Did you consider different ideas or directions for this cover? Why were these rejected? Do you have a favorite amongst them? Are you happy with the final decision as it ran?
Attached here are three of the other photo concepts that lost out to the final cover. The typesetting on these photos would probably have been similar to the type seen on the final cover.
(1) The poop in the whipped-cream-on-poop photo is actually fake poop made from chunky peanut butter and Fox's U-bet chocolate syrup. I tasted it after the shoot, and it wasn't too bad. A few weeks after this photo failed to make the cut for the Vintage cover, I pitched it as the cover image for the "American Food" issue of our quarterly food magazine, Lucky Peach. Alas, the photo was deemed "too poopy" for the cover of a food magazine. Lucky Peach #4 has just hit the stands with a less-disgusting, more-appropriate cover image.
(2)The crying-baby photo stars my younger son. The idea was to have a baby wearing an American-flag cape crying inconsolably -- perhaps about his prospects as an adult American of the future. We didn't pinch him or anything like that to make him cry. We just dressed him that way, and waited. When he started crying we quickly shot the photo and moved on to the next idea.
(3) The photo with the huge axe and the Valentine's Day candy heart is eye-catching, but it lacks the sweetness of the final cover. The axe would have made the book look too sinister too fast, probably. I still like the downtrodden stance, though. This figure has so much love, and wrath, to give. Poor guy -- doesn't anybody appreciate him anymore?
(4) Here is the final cover:
What is the most important element of a successful book cover?
A successful book cover intrigues and charms potential readers into becoming actual readers. It also strives to honor and please the book's author or authors.
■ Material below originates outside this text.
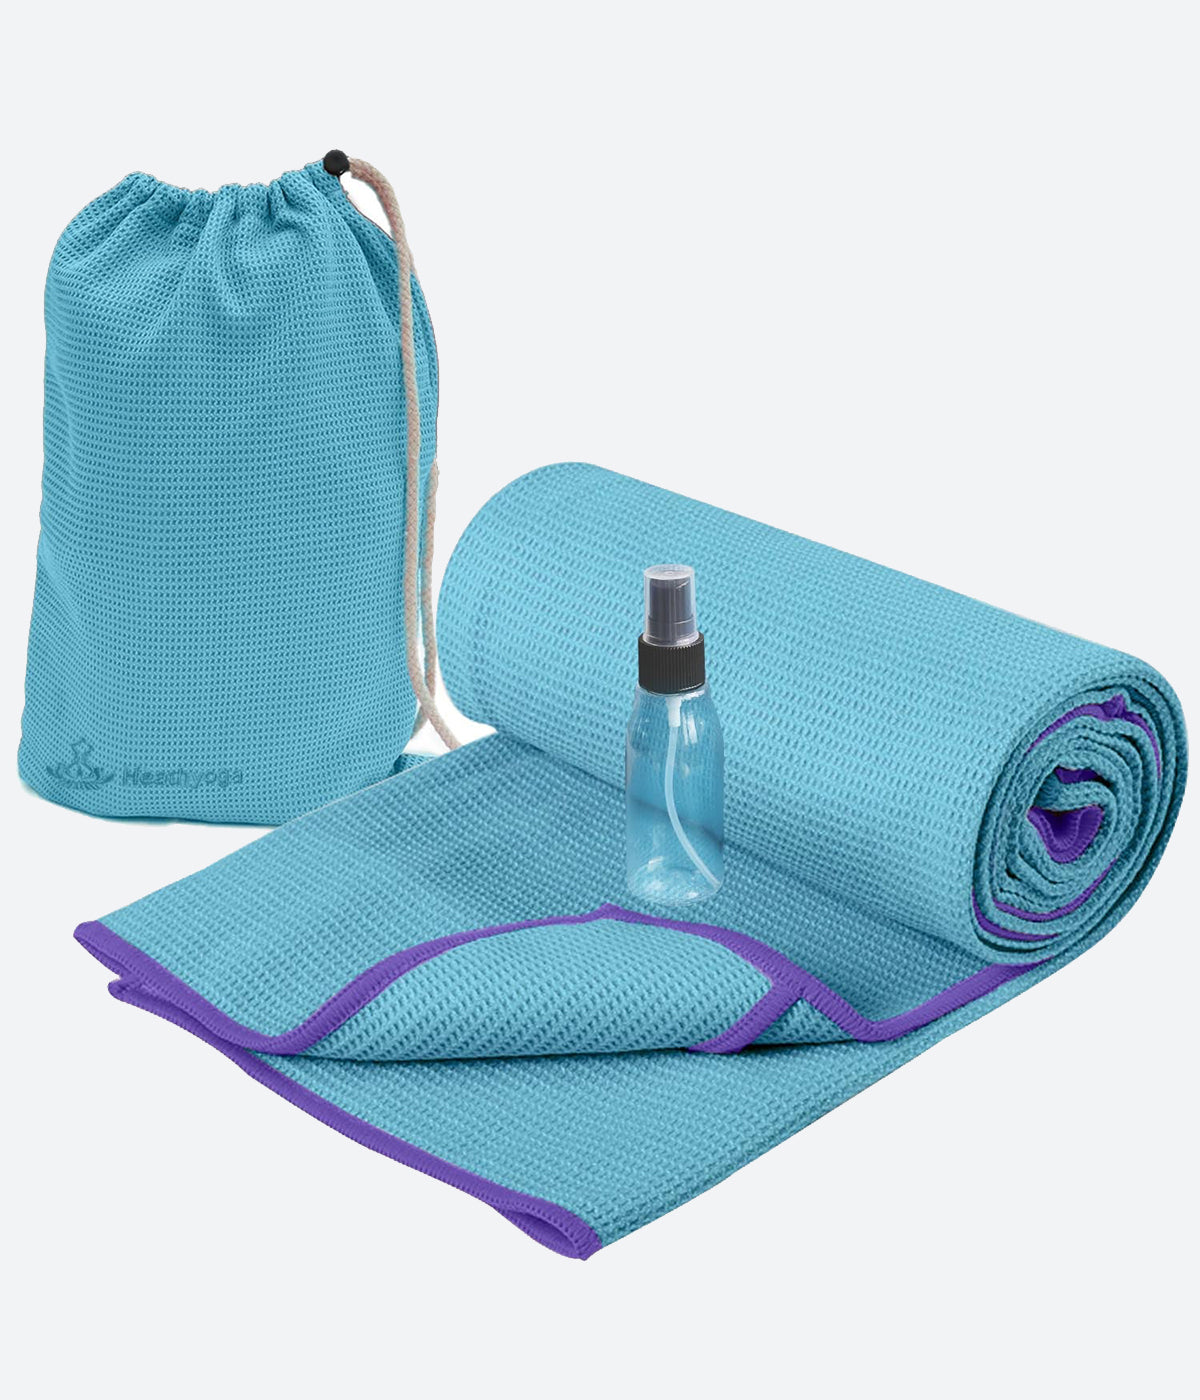  Hot Yoga Towel Non Slip, Microfiber Non Slip Yoga

If everyone loves a book's cover design except the author, then whoops -- that cover is a failure.
What are some of your favorite book covers?
- One of my favorite hobbies is browsing eBay for high-school yearbooks published between about 1930 and 1992. Some of the strangest, most passionate illustrations and designs in the world are found on these covers.
- Jonathan Barnbrook's cover, layout, and type design for Damien Hirst's monograph "I Want to Spend the Rest of My Life Everywhere, with Everyone, One to One, Always, Forever, Now." This book helped grow my understanding of how a thoughtful designer can take a decent project and make it unforgettable.
- Not a book, but Richard Turley & Jennifer Daniel & co's cover and overall designs for Bloomberg Businessweek are some of the best design stuff in print today. Everyone who's interested in design would do themselves a favor to subscribe.
- The Designers Republic cover for Emigre #29.
- David Shrigley's cover for his book of drawings "To Make Meringue, You Must Beat the Egg Whites Until They Look Like This."
- Daniel Clowes's covers for "Eightball." Especially #4, where the guy is saying “Welcome to my house of dreams.”
- Jason Fulford's cover for his photo book "Raising Frogs for $$$" is, to me, perfect.
- My McSweeney's colleague Walter Green is an amazing designer full of great ideas. Some of the best covers of the 21st century will be designed by Walter Green.
- I could keep going forever. I've been lucky in my career to work with Rick Valicenti and Sina Najafi and Chester Jenkins and Dave Eggers. All four offered me design chances at a young age and pushed me to do better work than I could have done by myself.